Head of Upper School Laura Ross expressed sympathy and offered mental health resources to students in light of a suicide of a Buckley eighth grader in an email sent to upper school students, parents and faculty Feb. 2.
“While there is no way to prepare for a tragedy like this, we hope that by sharing this news within our HW community it may help in a small way to unite us in processing our own personal reactions to this traumatic loss and in allowing us to support each other,” Ross said in the email.
Ross also reached out to Harvard-Westlake students who volunteer as hotline listeners for Teen Line, a non-profit teen helpline based out of the Cedars Sinai Medical Center. During First and Third Wednesday assembly on Wednesday, the volunteers shared why Teen Line is a resource beneficial to the student body.
“Teen Line not only provides a safe, anonymous, judgment free space for a teen to take any issue, but it more importantly is with a peer, someone their age, someone who really understands and has the 200 hours of training to handle every situation, despite their age,” Teen Line volunteer Evan Keare ’18 said.
Continuing conversations about mental health, implementing clubs similar to Peer Support and ensuring counselor accessibility to a student body are some of the ways Teen Line Program Director Cheryl Eskin said schools could protect their students’ mental health and diminish the stigma surrounding it.
“Depression and anxiety seem to be the biggest issues we are seeing [in teens],” Eskin said. “I think schools and communities need to look at the pressures we are putting on our kids, and prioritize sleep, down time and exercise. We need to teach coping skills, things like mindfulness or meditation, and how stress can take its toll on your body.”
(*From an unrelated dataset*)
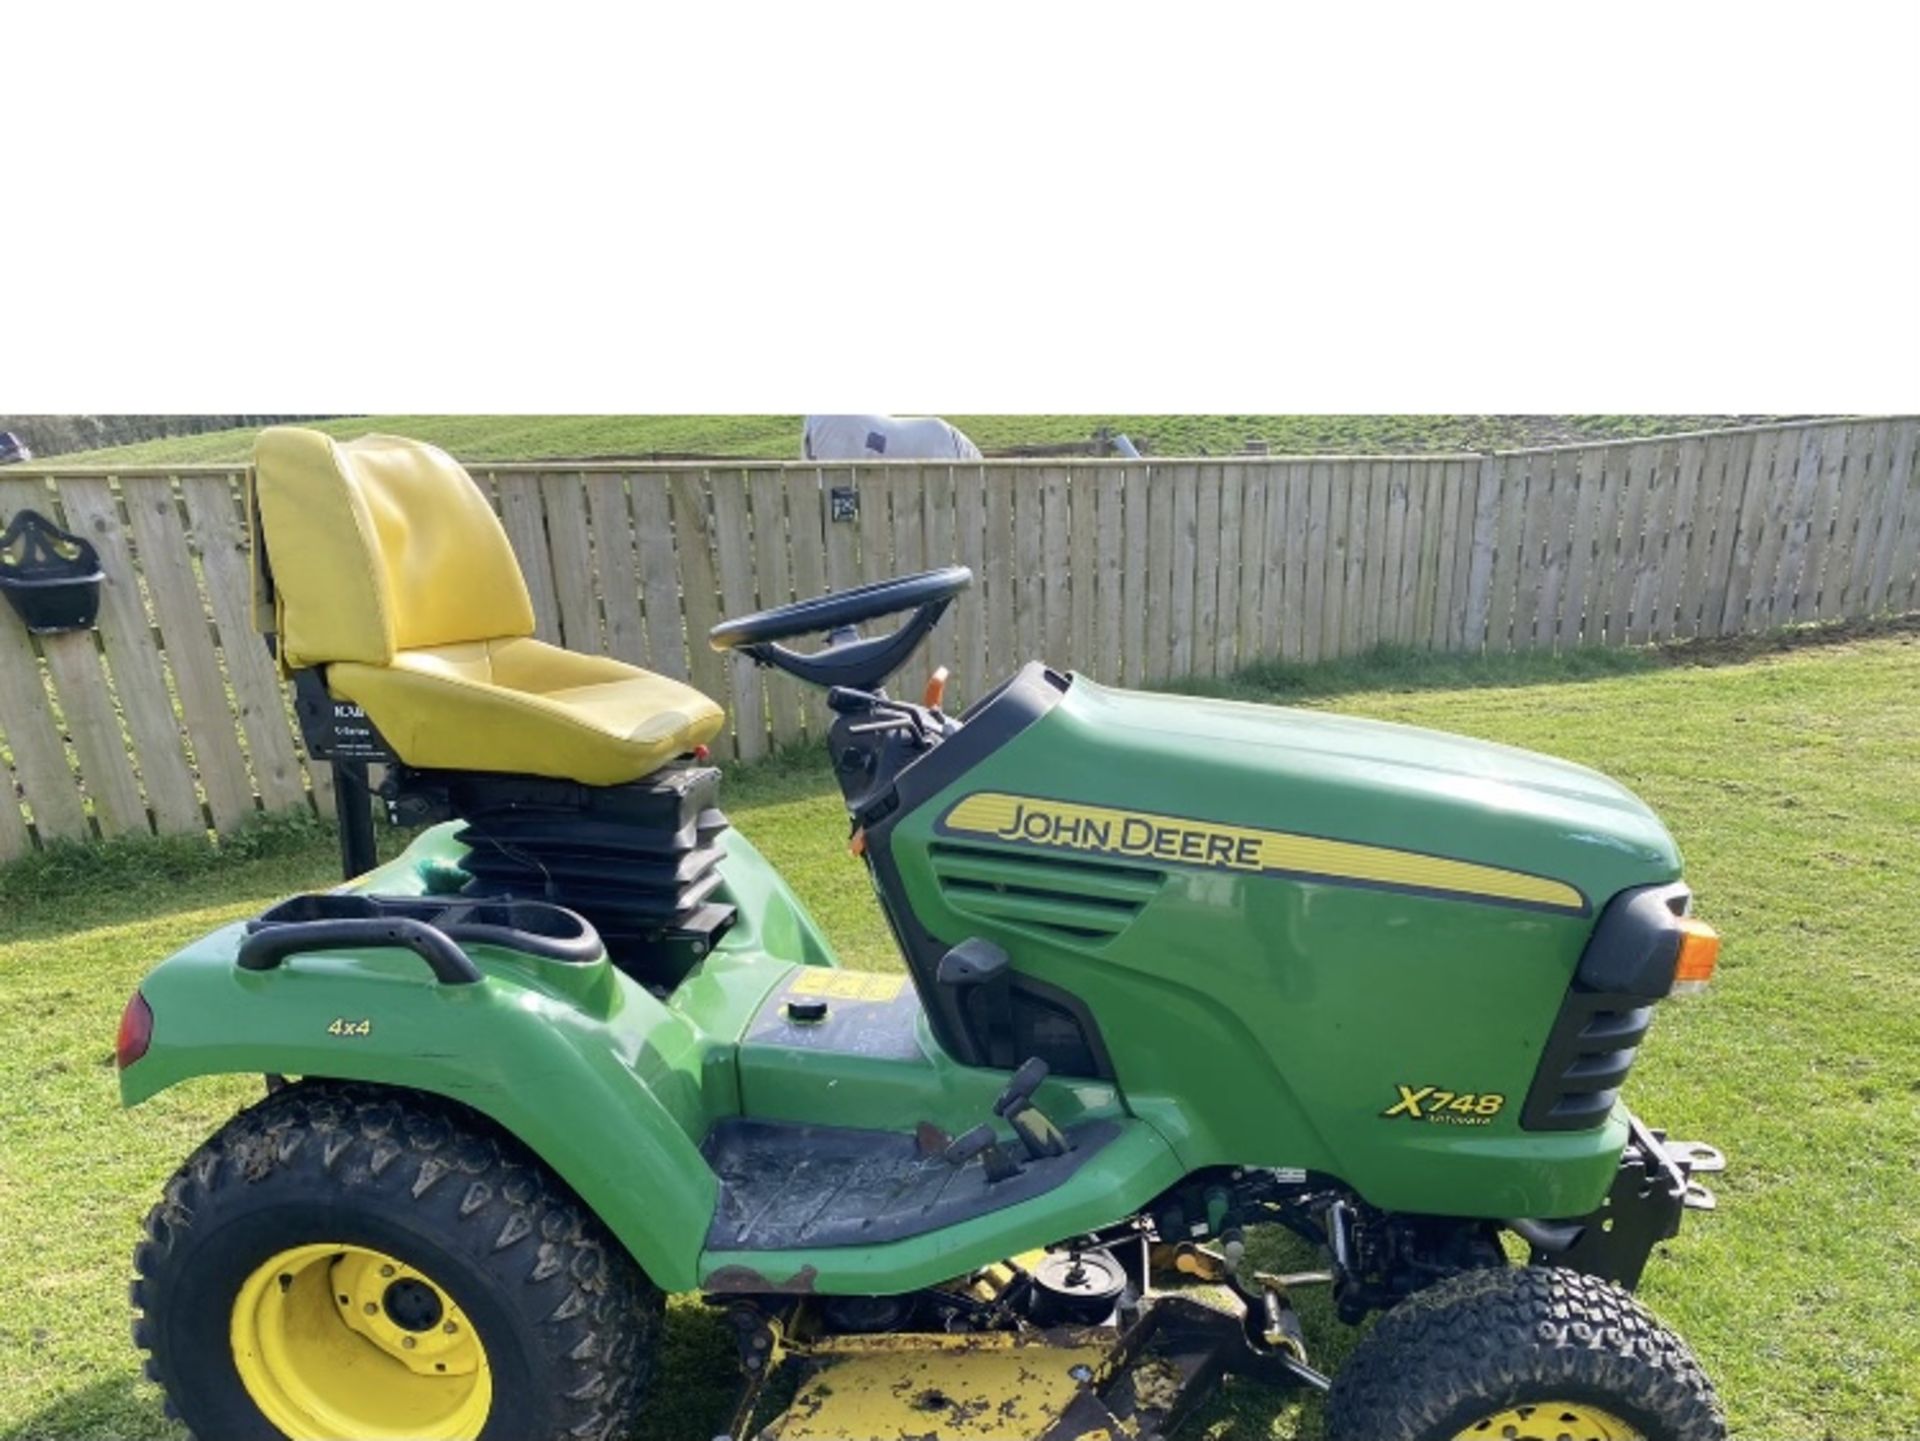 JOHN DEERE X748 DIESEL 4WD COMPANY TRACTOR RIDE ON MOWER LOCATION NORTH YORKSHIRE - Image 3 of 7

Similarly, upper school psychologist Sophie Wasson said that based on the topics students speak with her about, some of the biggest mental health issues within the student body seem to be academic pressure, academic and social competition and anxiety and depression. Creating more spaces on campus to discuss mental health could alleviate some of these issues, she said.
“I think [the school should have] more spaces for students to engage in conversations around what they’re going through, around wellness and about what it’s like to be a Harvard-Westlake student,” Wasson said.
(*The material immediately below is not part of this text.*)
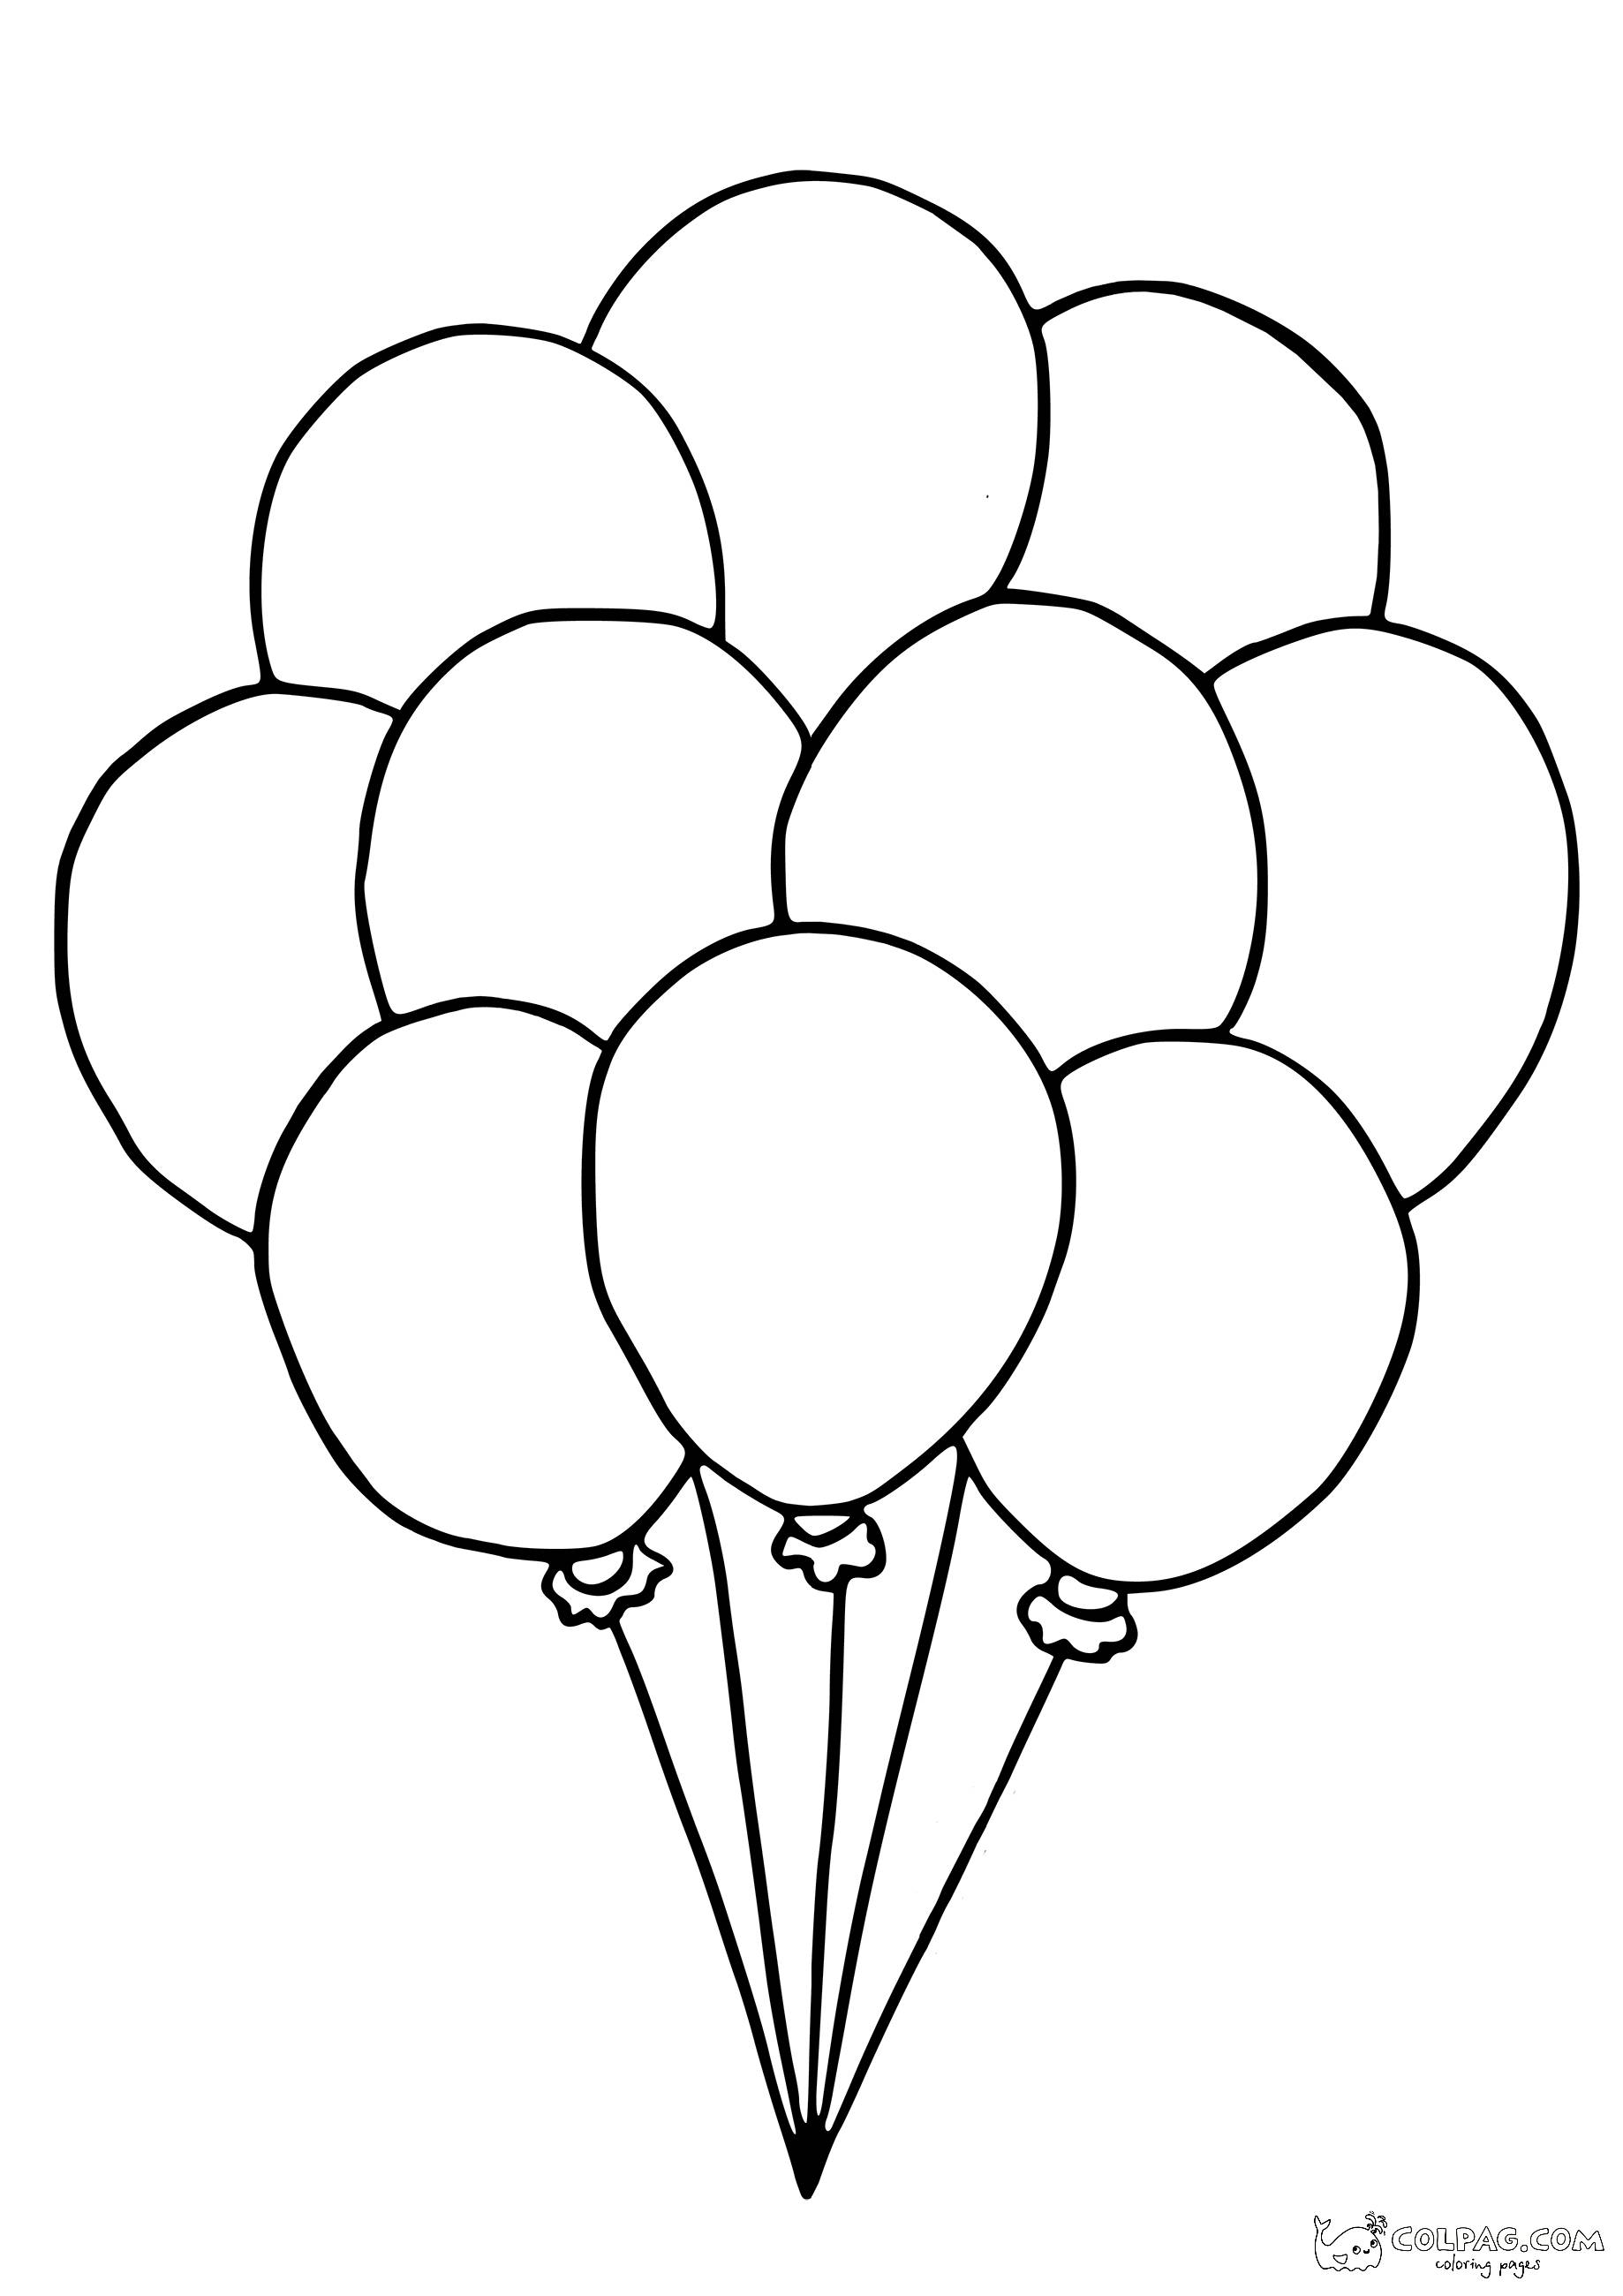 15-lots-of-baloons-together-coloring-page-colpag-15

Eskin also emphasized the importance of having an open and receptive school culture, in which there isn’t a stigma surrounding mental health issues.
“I think schools, parents and peers all contribute to the pressure,” Eskin said. “Suicide is very complicated, and I don’t believe there is one cause per se, but we are seeing more and more depression and anxiety, particularly among kids in these tough environments, which is alarming.”
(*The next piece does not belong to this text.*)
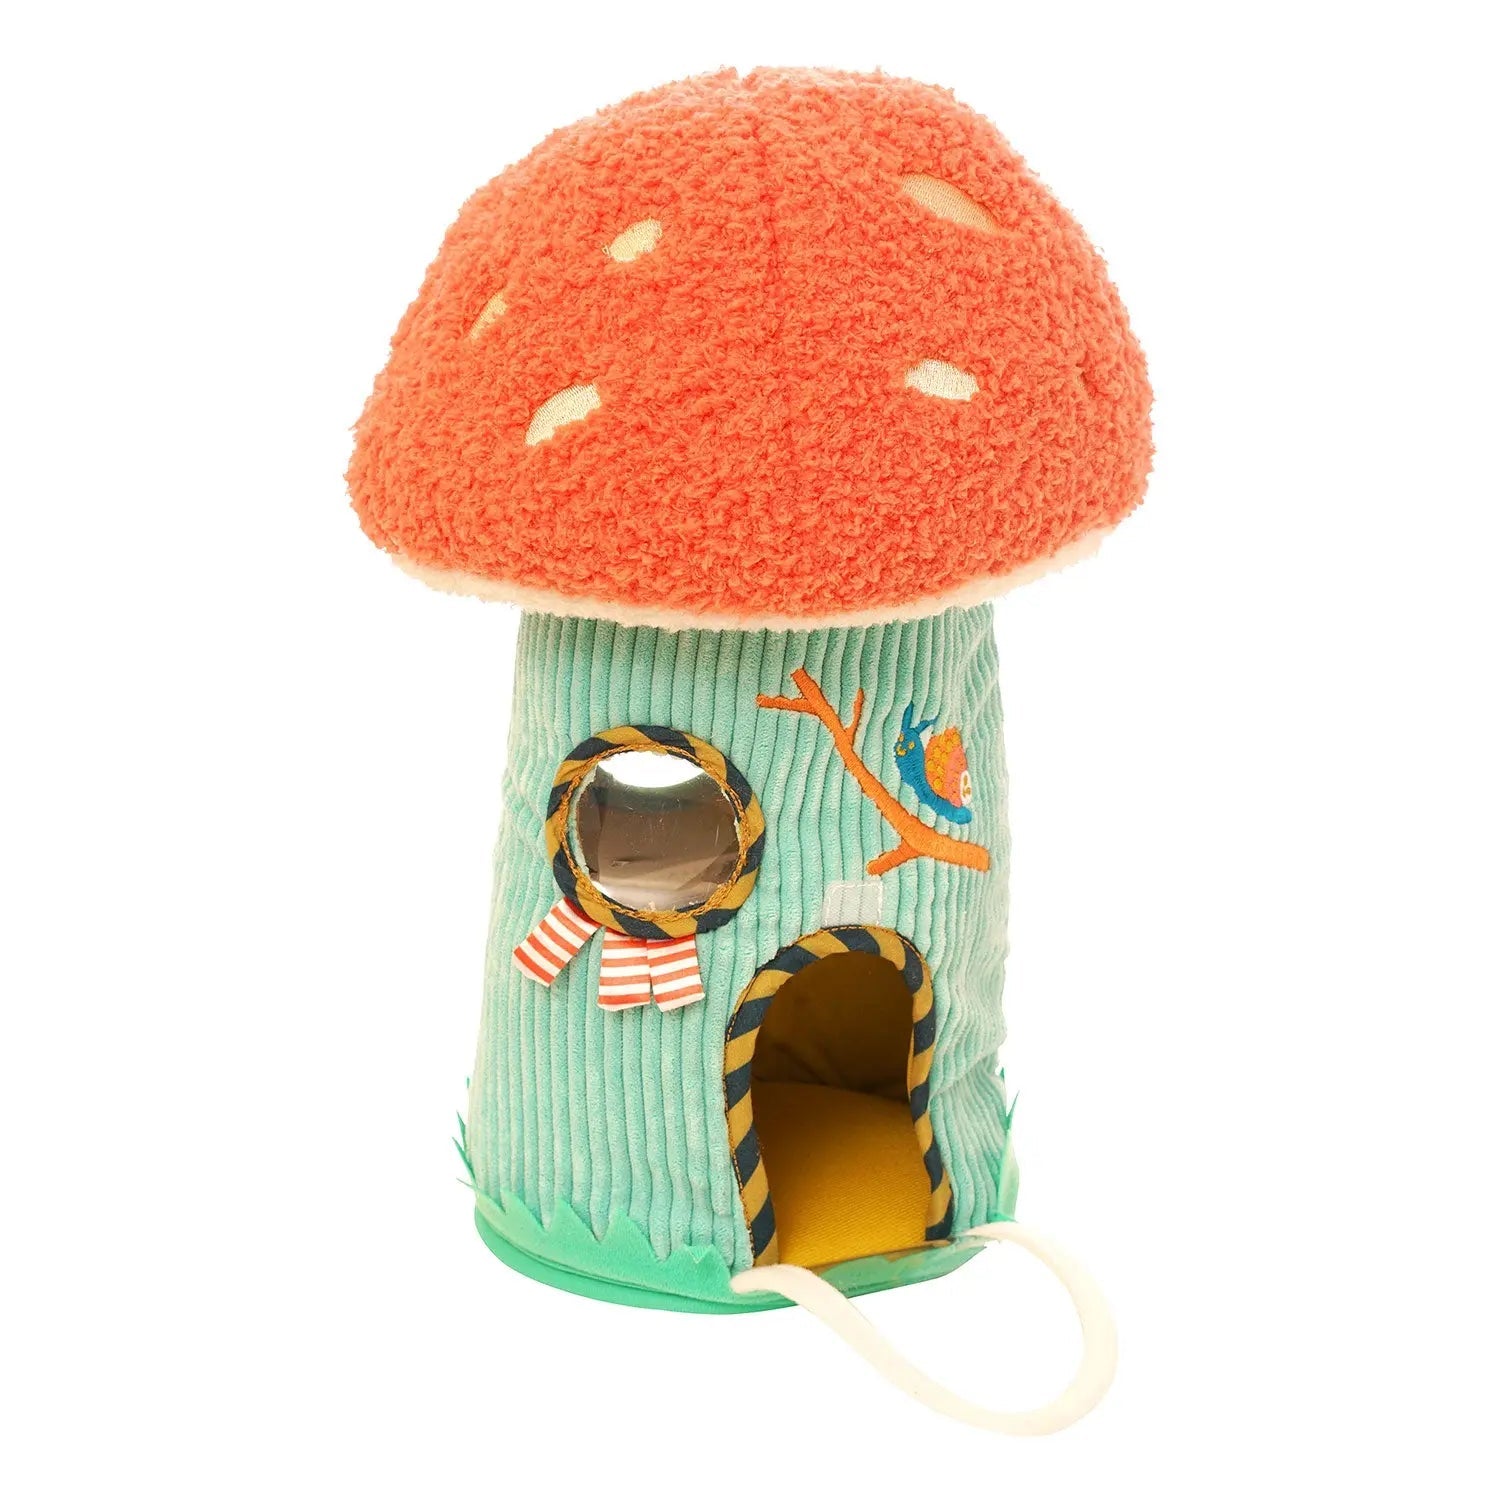 has adorable mushroom play tents for kids

The administration is working on a number of long-term initiatives regarding mental health, Ross said. The upper school counseling team consists of Wasson, Assistant to the Head of Upper School Michelle Bracken, Chaplain J. Young and counselor and humanities teacher Luba Bek. The counseling team is also working with faculty and staff.
“While the kids might not be hearing about it, faculty and staff are talking about [mental health issues] behind closed doors and how to best balance all the academic pressure you’re under with self-care and being able to chill out, hang out with friends and enjoy other things, [in addition to] all the school work,” Wasson said.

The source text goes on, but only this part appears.